Выбрать главу

— Но не всегда жнёт тот, кто сеял, господин хороший, — произнёс партизан улыбаясь.

— Я тебя заставлю говорить! — в ярости закричал Шварц.

— А вот уж — дудки! Не заставишь! Слаб ты в коленках, господин комендант.

Стало очень тихо. Шварц взглянул на часы, но циферблата не увидел — так был взвинчен. Чтобы избавиться от неловкой паузы, переводчица по своей инициативе обратилась к арестованному:

— Комендант не желает вам ничего плохого. Вы должны отвечать на вопросы, а не грубить. Дерзость ни к чему хорошему не приведёт.

Парень усмехнулся как-то криво, неловко и доверительно сказал:

— Взял винтовку — стреляй! А попался — не кисни!

Наташе сделалось нехорошо. Она молчала, лишь кровь медленно оставляла её лицо, появилось головокружение, ослабели руки, ноги перестали повиноваться.

Майор Шварц заметил состояние переводчицы, сам подал ей стакан с водой, а арестованного приказал немедленно отправить в подвал.

У самых дверей парень обернулся. Его взгляд встретился со взглядом Наташи. Она не выдержала — опустила глаза.

— Ничего, милая Наташа, — сказал Шварц, — этот бандит получит по заслугам. Он ответит за свой ужасный поступок по закону военного времени.

Это заявление, по мнению коменданта, должно было восстановить утраченное Наташей хорошее настроение и успокоить её.

— Спасибо. Вы очень добры ко мне, — тихо ответила Наташа и благодарно посмотрела на коменданта.

Привычная обстановка, часовые в коридоре и у подъезда постепенно приводили самочувствие коменданта в норму. Присутствие Наташи тоже способствовало этому. Но Ганс, со свойственным ему великодушием, вызвал машину и отправил раненую переводчицу в госпиталь.

Наташа

Тихо звякнув щеколдой, Наташа закрыла за собой калитку и медленно пошла по дорожке к небольшому светлому дому. Вечерело, солнце уже скрылось за горизонтом. Полумрак постепенно перекрашивал всё вокруг в унылые тона.

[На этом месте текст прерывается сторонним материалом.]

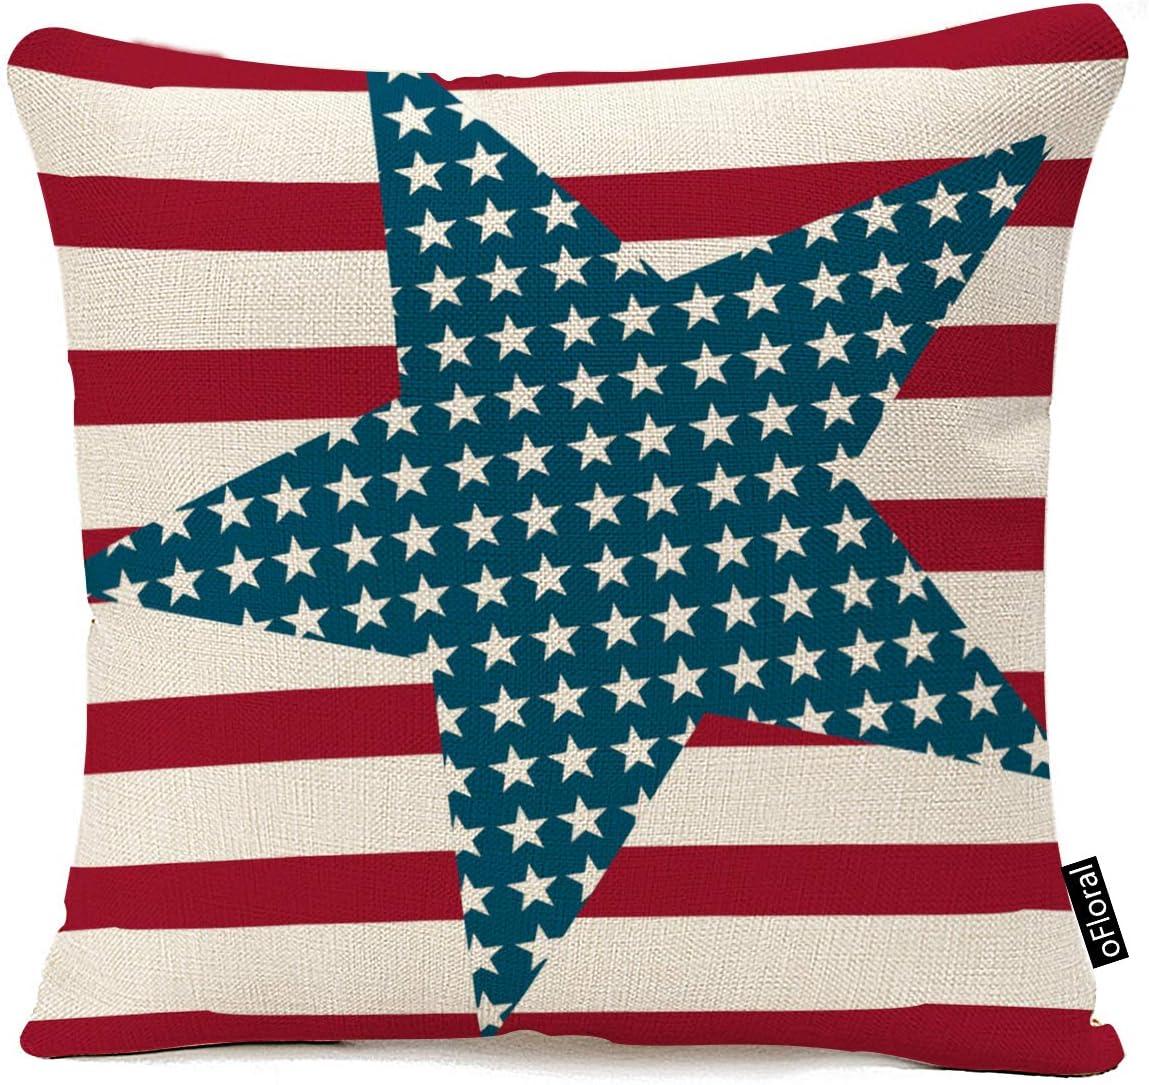 oFloral 4th July Vintage American Flag Patriotic Ornate Amenrican Flag Sofa Waist Throw Cushion Cover Pillow Case 18 x 18 Inch

Наташа коснулась руками ствола яблони и долго стояла, глядя на уходящий день. Вдруг прямо перед собой она увидела светло-сизую птицу, название которой, как ни силилась, припомнить не могла. Казалось, птичка эта пришла сюда из детства, из большого подмосковного села… Вот зелёная широкая поляна — это выгон. С одной его стороны стоит одноэтажная, будто вросшая в землю, большая школа. Вокруг школы заросший сад. Невдалеке приютилась старенькая кирпичная церквушка. Двор вокруг неё покрылся одичавшей вишней. До сей поры помнит Наташа терпкий, неповторимо сладкий вкус маленьких переспелых чёрных вишен-поклёвок и прозрачного липкого клея, застывшего на хрупких вишнёвых веточках. Церковь давно заброшена и постепенно разрушается, паперть проросла подорожником и буйной крапивой. За садами, внизу, блестит большой пруд, покрытый осокой, кугой и жёлтыми пахучими кувшинками. А дальше опять сады, поля и лес. Подмосковный лес — самый красивый лес на свете!..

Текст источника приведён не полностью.